Smolin concludes with the implications of all this for our understanding of space and time. He suggests that time is irreversible and fundamental, in the sense that the processes by which future events are produced from present ones are truly basic: they do not need to be explained in terms of more basic ideas. Space, however, is different. He argues that it emerges from something deeper.

Yet it is far from clear whether Smolin’s new methods allow space and time to be investigated effectively. In recent decades, there have been many exciting advances in this subject, almost all made using standard quantum mechanics and Einstein’s theory of relativity. In my opinion, Smolin downplays the extraordinary success of this conservative approach. It is the basis of modern quantum field theory (a descendant of Maxwell’s theory of electricity and magnetism), which accounts for the results of all subatomic experiments, some of them to umpteen decimal places. Despite the impression that Smolin gives, modern theoretical physics is thriving, with potentially revolutionary ideas about space and time emerging from a combination of the standard quantum mechanics and relativity theory taught in universities for generations. Maybe the upheaval in physics that Smolin yearns for is simply unnecessary.

Rewarding as it is, I doubt Einstein’s Unfinished Revolution will convert many of Smolin’s critics. To do that, he will need to present his ideas more rigorously than he could reasonably do in a popular book.

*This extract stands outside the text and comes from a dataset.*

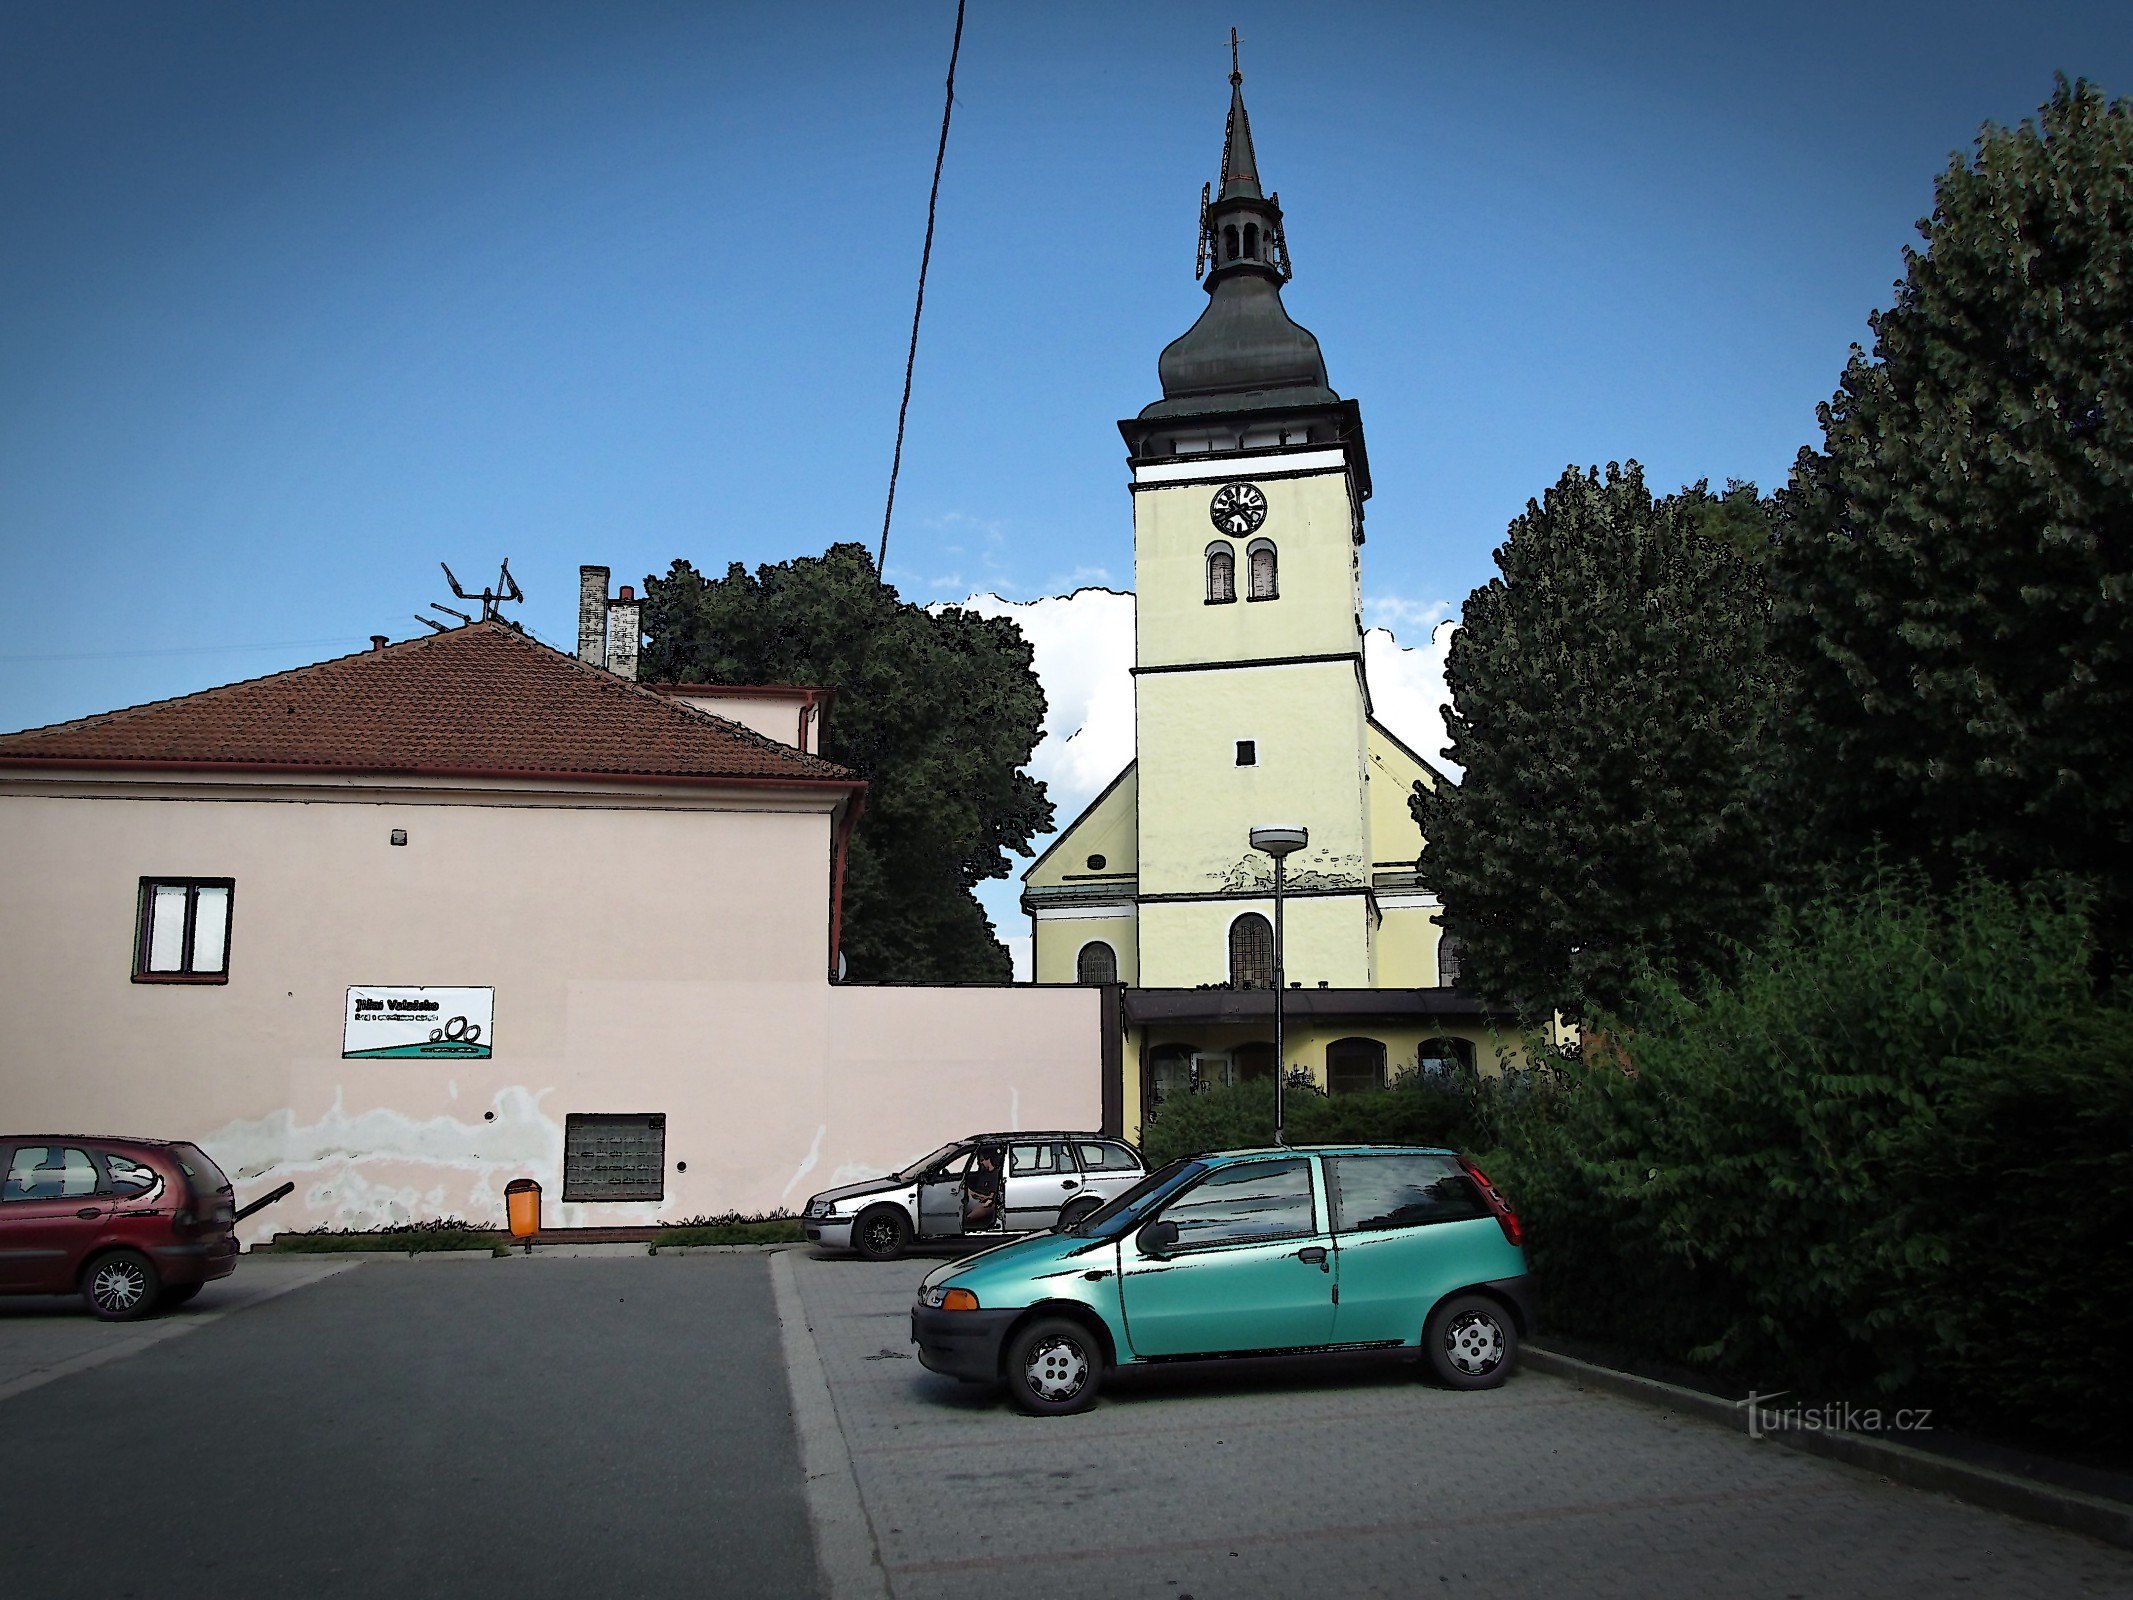 ヴィゾヴィツェ - 聖パウロ教区教会ローレンス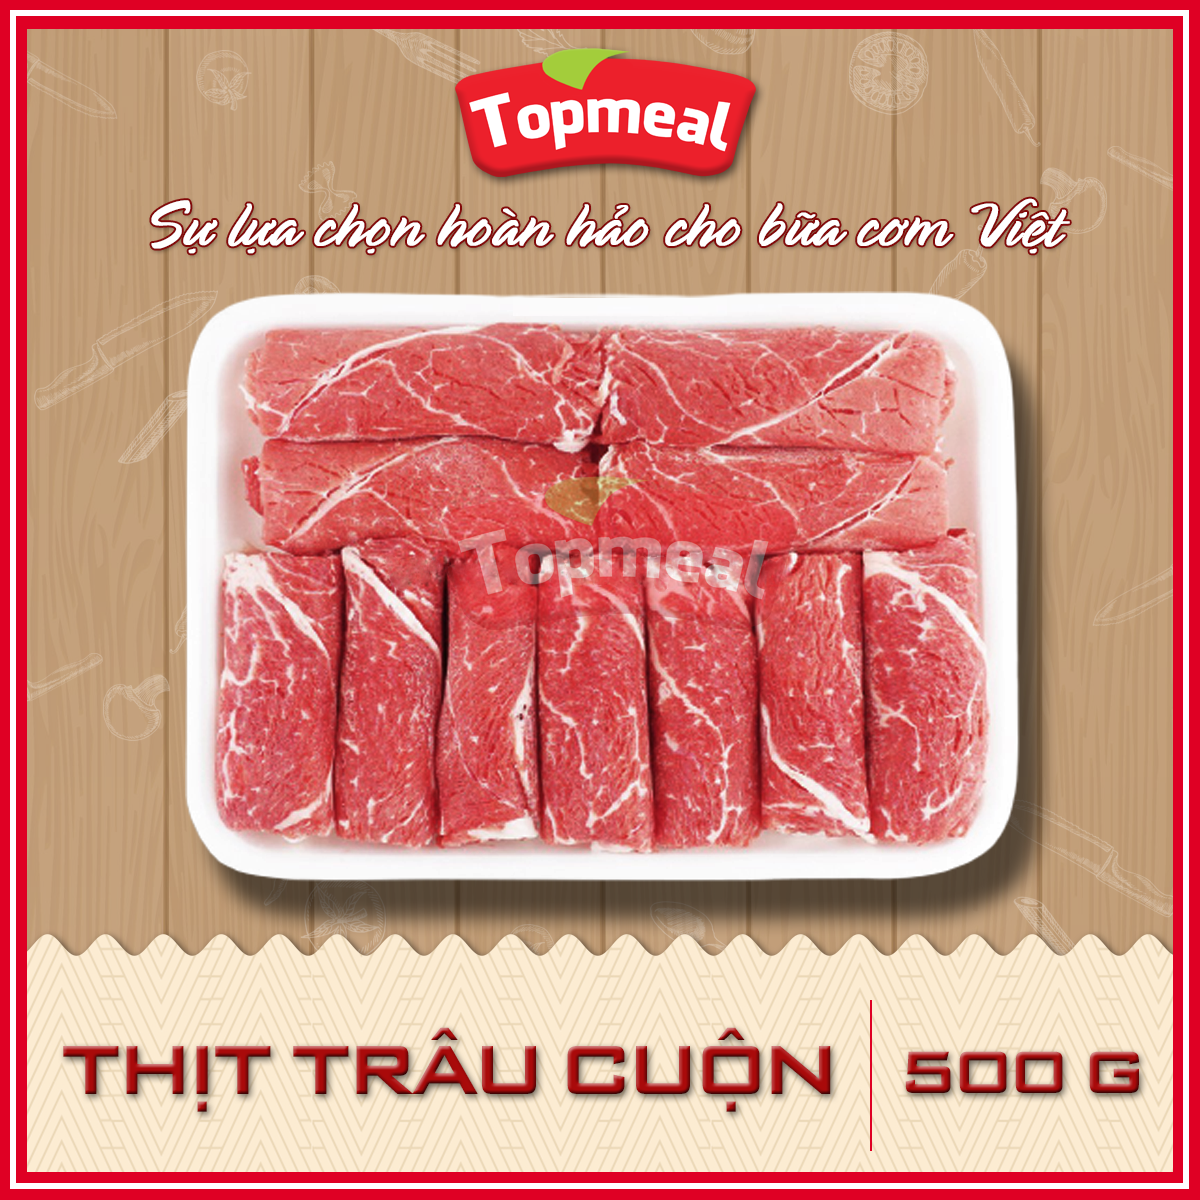 HCM - Thịt trâu cuộn 500g - Thích hợp với các món nướng BBQ, nhúng lẩu,...

One thing on which every physicist in Smolin’s field can agree is that there is a crying need for more juicy clues from nature. There have been no surprises concerning the inner workings of atoms for some 20 years. It is experimental results that will decide whether Smolin is correct, or whether he protests too much. After all, although quantum mechanics might not satisfy the philosophically minded, it has proved to be a completely dependable tool for physicists — even those who have no interest in debates about its interpretation.